Speaking of James’ projections, he predicts a bounce-back year for right fielder Milton Bradley, whom Hendry is trying to trade. The Handbook projects Bradley to have an .834 OPS from a .384 on-base percentage and a .450 slugging percentage. This year, the embattled Bradley had a .775 OPS (down from .999 with Texas in 2008), from his .378 OBP and .397 slugging percentage. But as I’ve said before, I just don’t see how it works with Bradley and the Cubs, not with a room full of players who practically stood in line to tell us they were glad Hendry suspended Bradley for the final two weeks of the season after Bradley verbally trashed the organization. And what happens the first time Bradley pops off in spring training? And what happens when he goes 0-for-5 with 3 strikeouts in the home opener and gets booed? And that’s to say nothing of a field manager who wants nothing more to do with Bradley. We also don’t know what the new others think, but Tom Ricketts has not gone out of his way in the early going to say he’d like to keep Bradley.
As far as the other Cubs’ hitters go, James sees an OPS of .894 for Derrek Lee, with 30 homers. He sees Alfonso Soriano with 30 homers and an OPS of .807. Aramis Ramirez projects to an OPS of .878 with 26 homers, and Geovany Soto projects to an OPS of .830 with 20 homers.
That’s not bad at all, but if the pitching picture doesn’t get better, it’s hard to see the Cubs winning 90 games. Yes, it’s early, but Hendry has his work cut out for him. His first move should be to get things going with Harden.
On the spring-training front, I had a chance to take part yesterday in another teleconference with the Mesa mayor, Scott Smith. The way I see it is that Naples, Fla., wants the Cubs, but Mesa and Arizona need the Cubs. The mayor said that if the Arizona efforts are judged on merit, it’s a “slam dunk” in favor of Mesa. But we’ll see what goes into it. We don’t know how the Ricketts people feel, and we don’t know what newly minted president Crane Kenney is whispering in the family’s ears. Kenney is a Massachusetts native. Does he want the Cubs in Florida for big games against the Red Sox and Yankees?

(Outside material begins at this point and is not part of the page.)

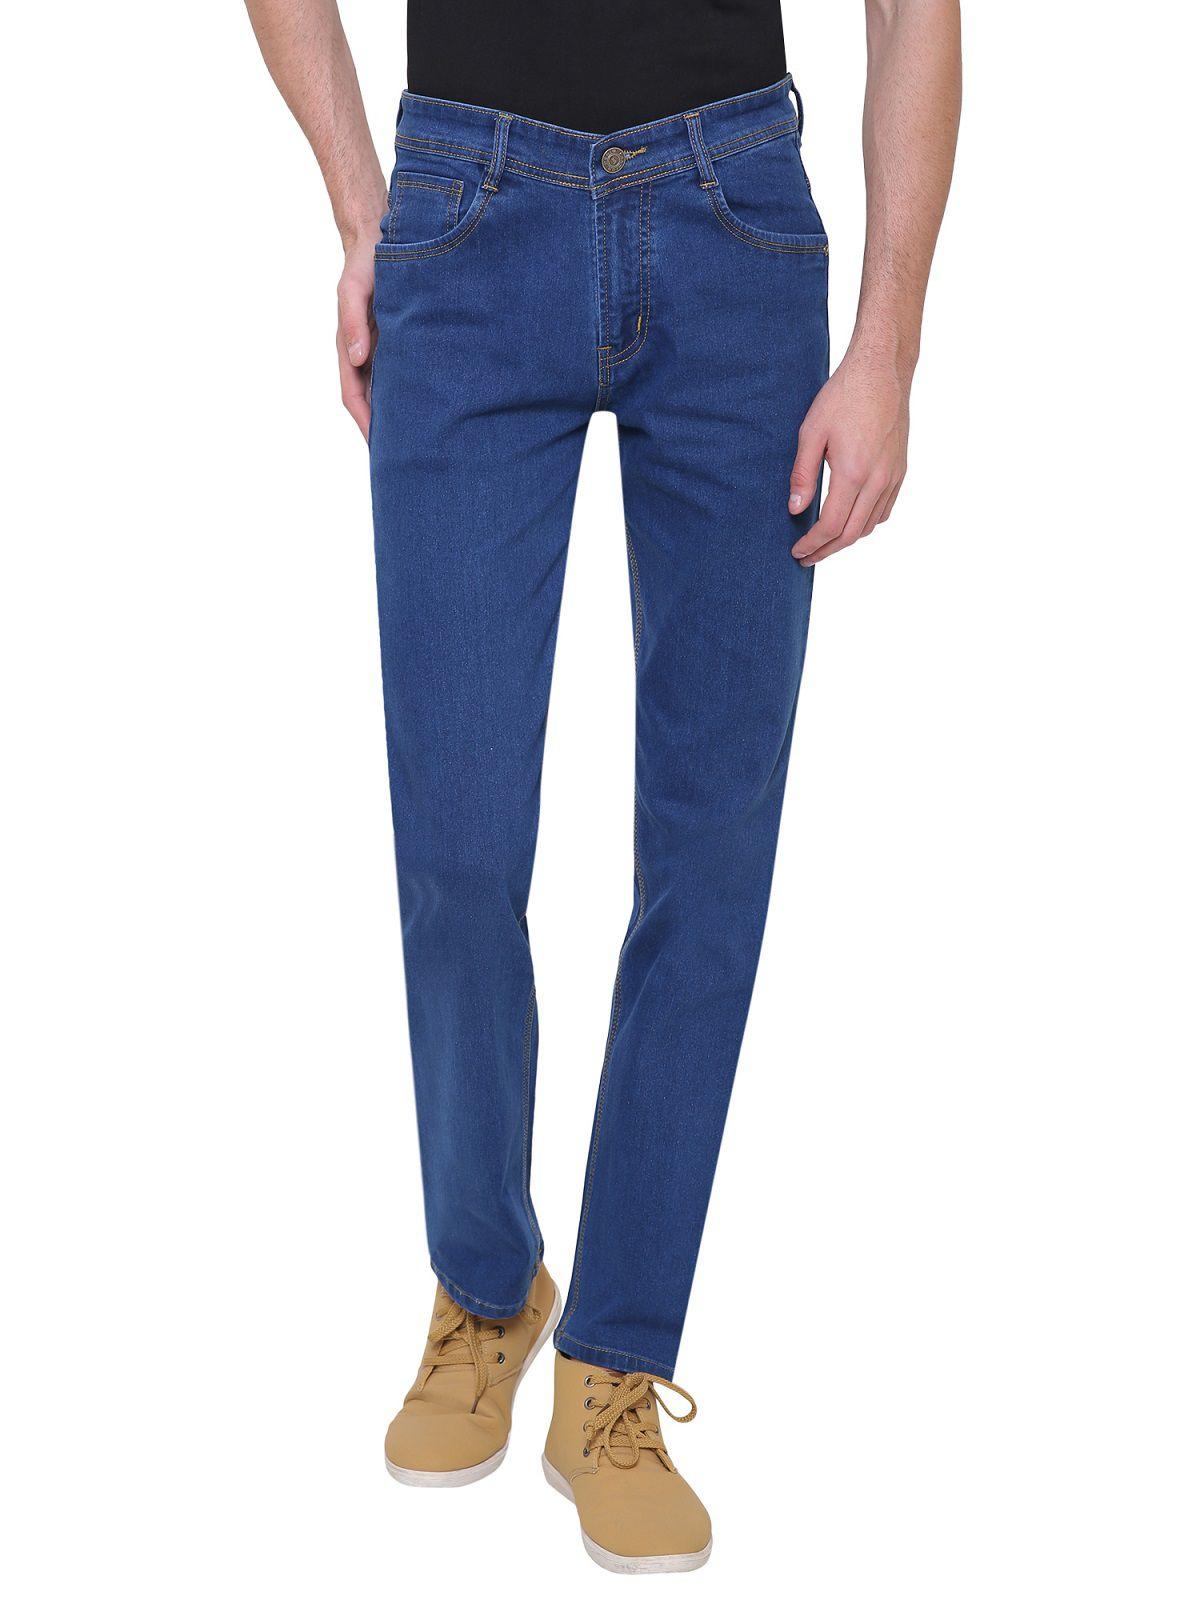 gradely Blue Regular Fit Jeans
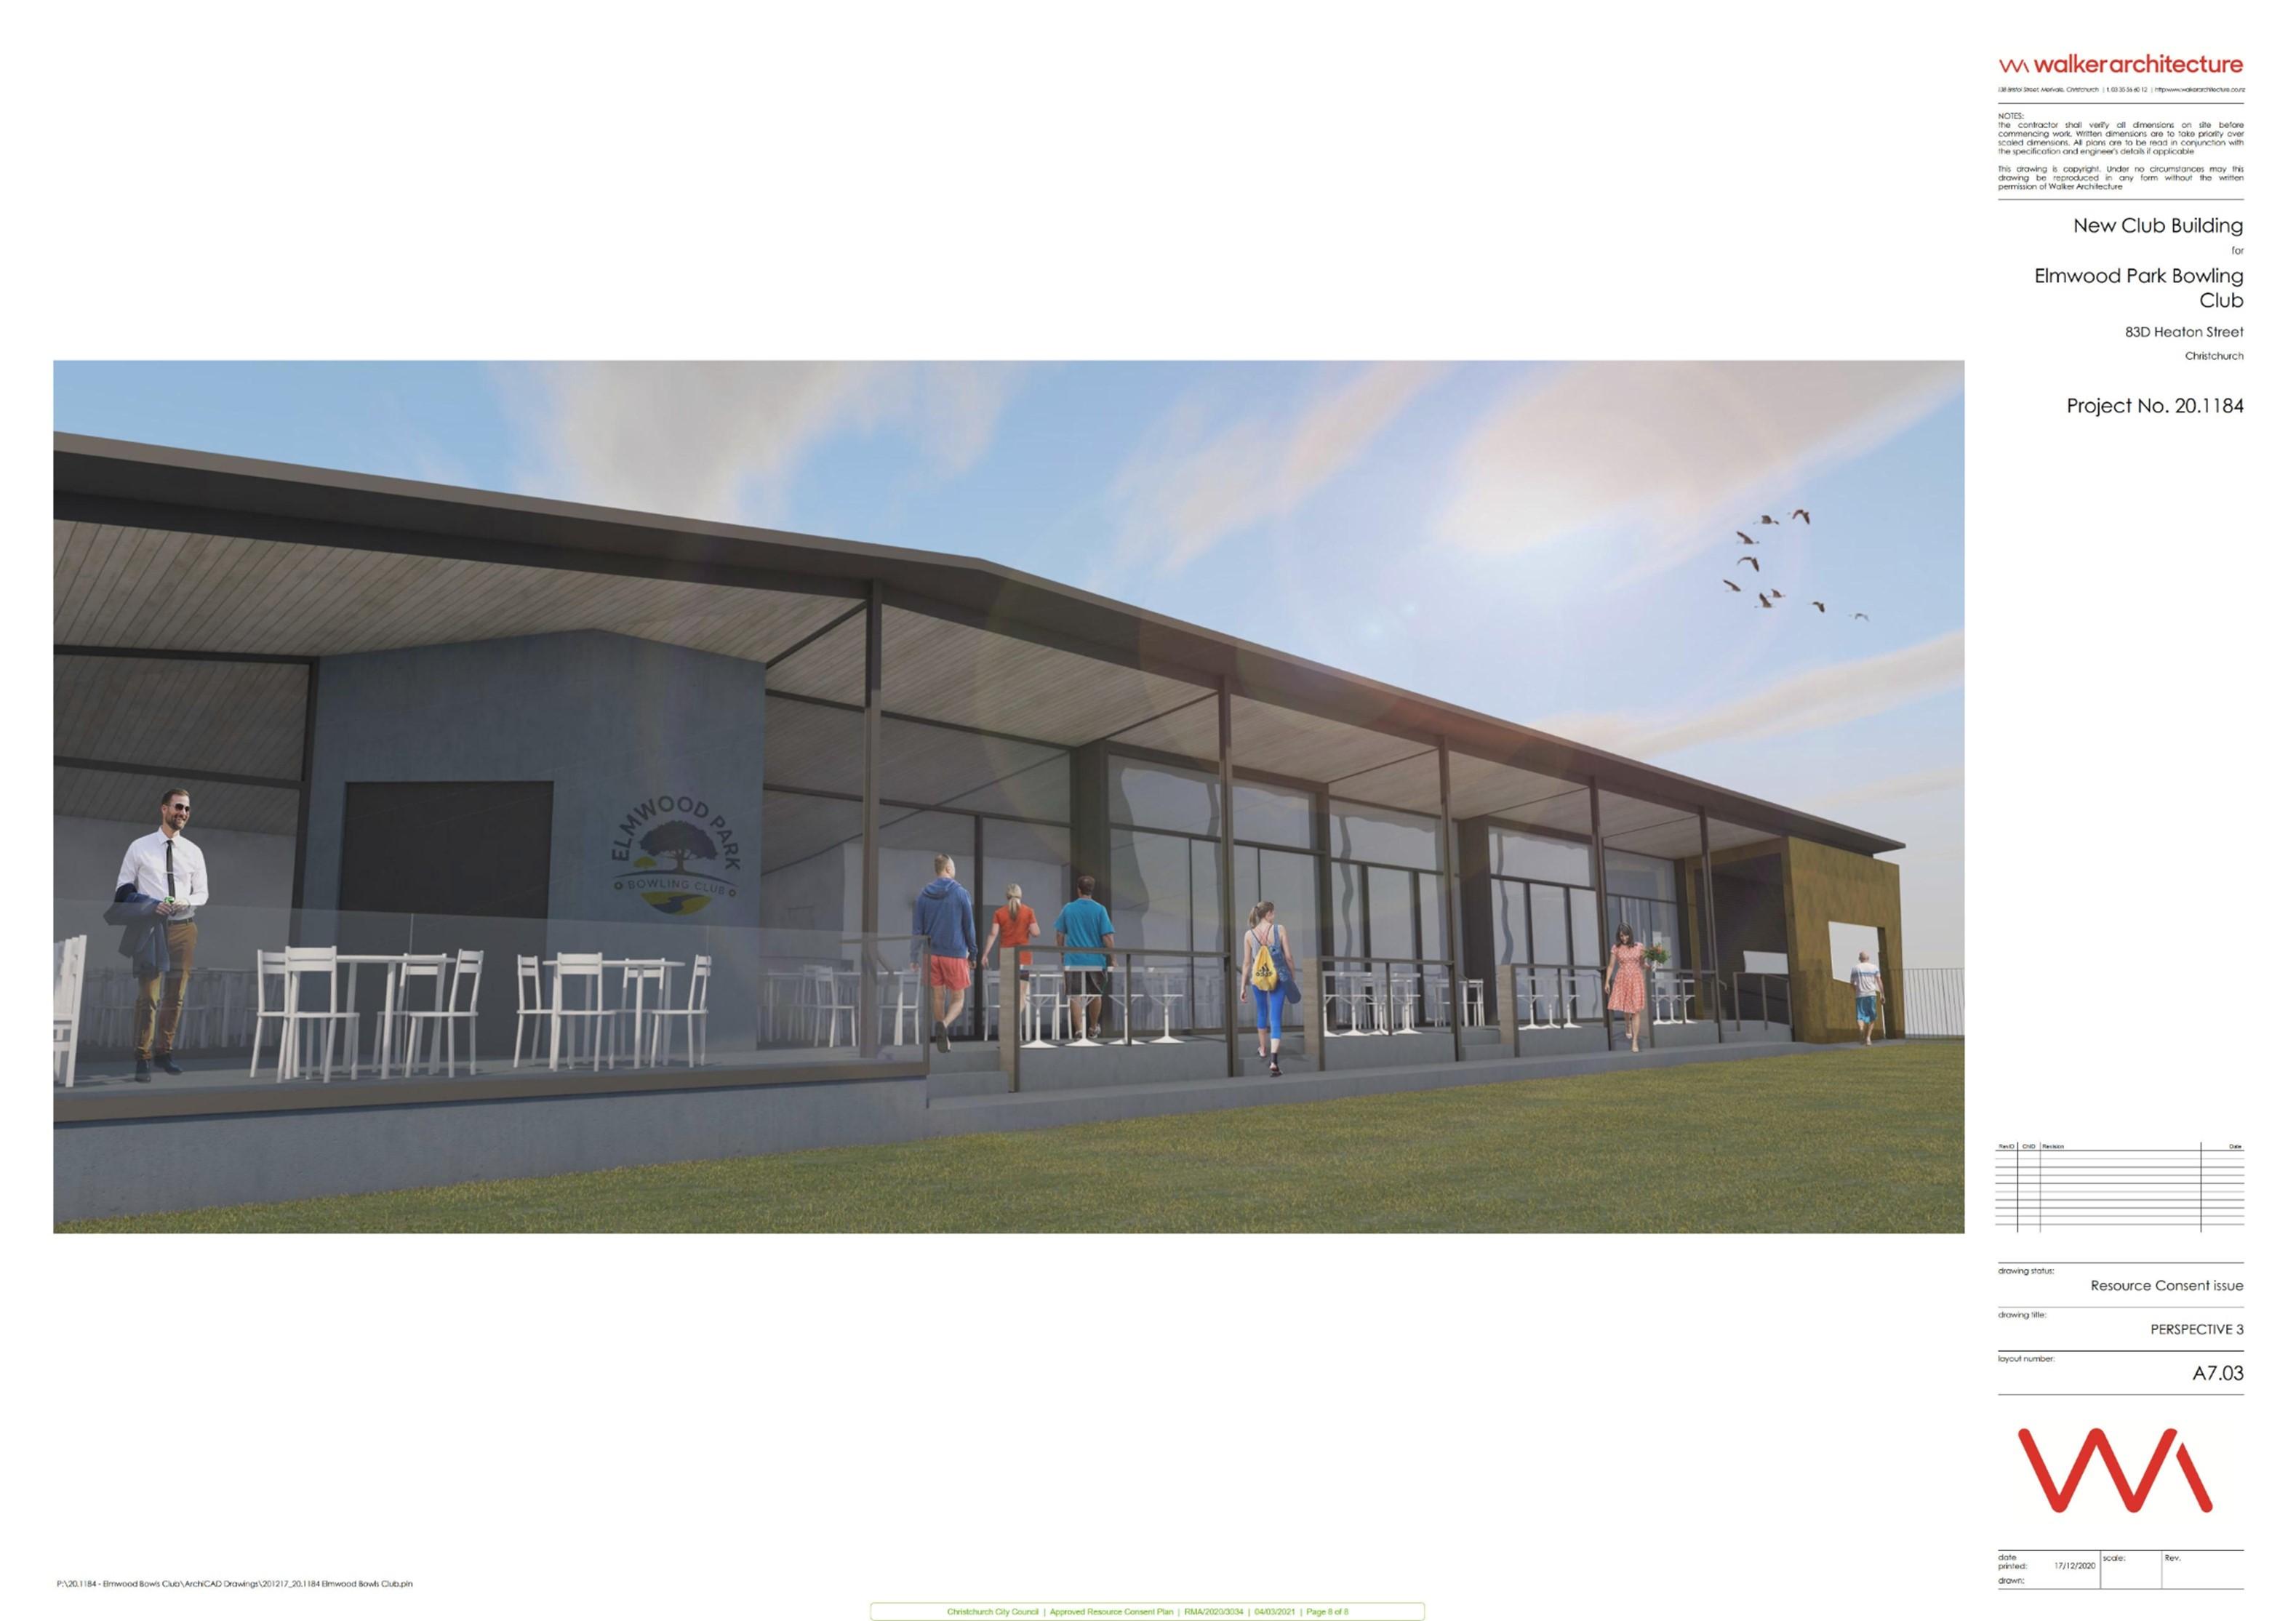 Elmwood Bowling Club plan 8 of 8

“We believe in Mesa,” Smith said. “We have not only the history and tradition, nearly 60 years of spring training. That history has given us a know-how of what was needed to make a successful spring training. But it also gives us a connection, not only with the Chicago Cubs, but the Chicago Cubs fans, from Chicago, Illinois, throughout the Midwest, who have made it part of their tradition to come here to Mesa for spring training. That only gets you so far, that nostalgia.”
Teams have been going from Florida to Arizona in droves in recent years, so a Cubs move to Florida definitely is against the grain. Despite the relative nearness of the Red Sox and Twins to Naples, travel in Florida is still a major pain compared with Arizona, where bus trips will get even easier after the Diamondbacks and Rockies get out of Tucson.
How this whole spring training thing plays out will give us an early insight into how this new regime is going to do business and what it values.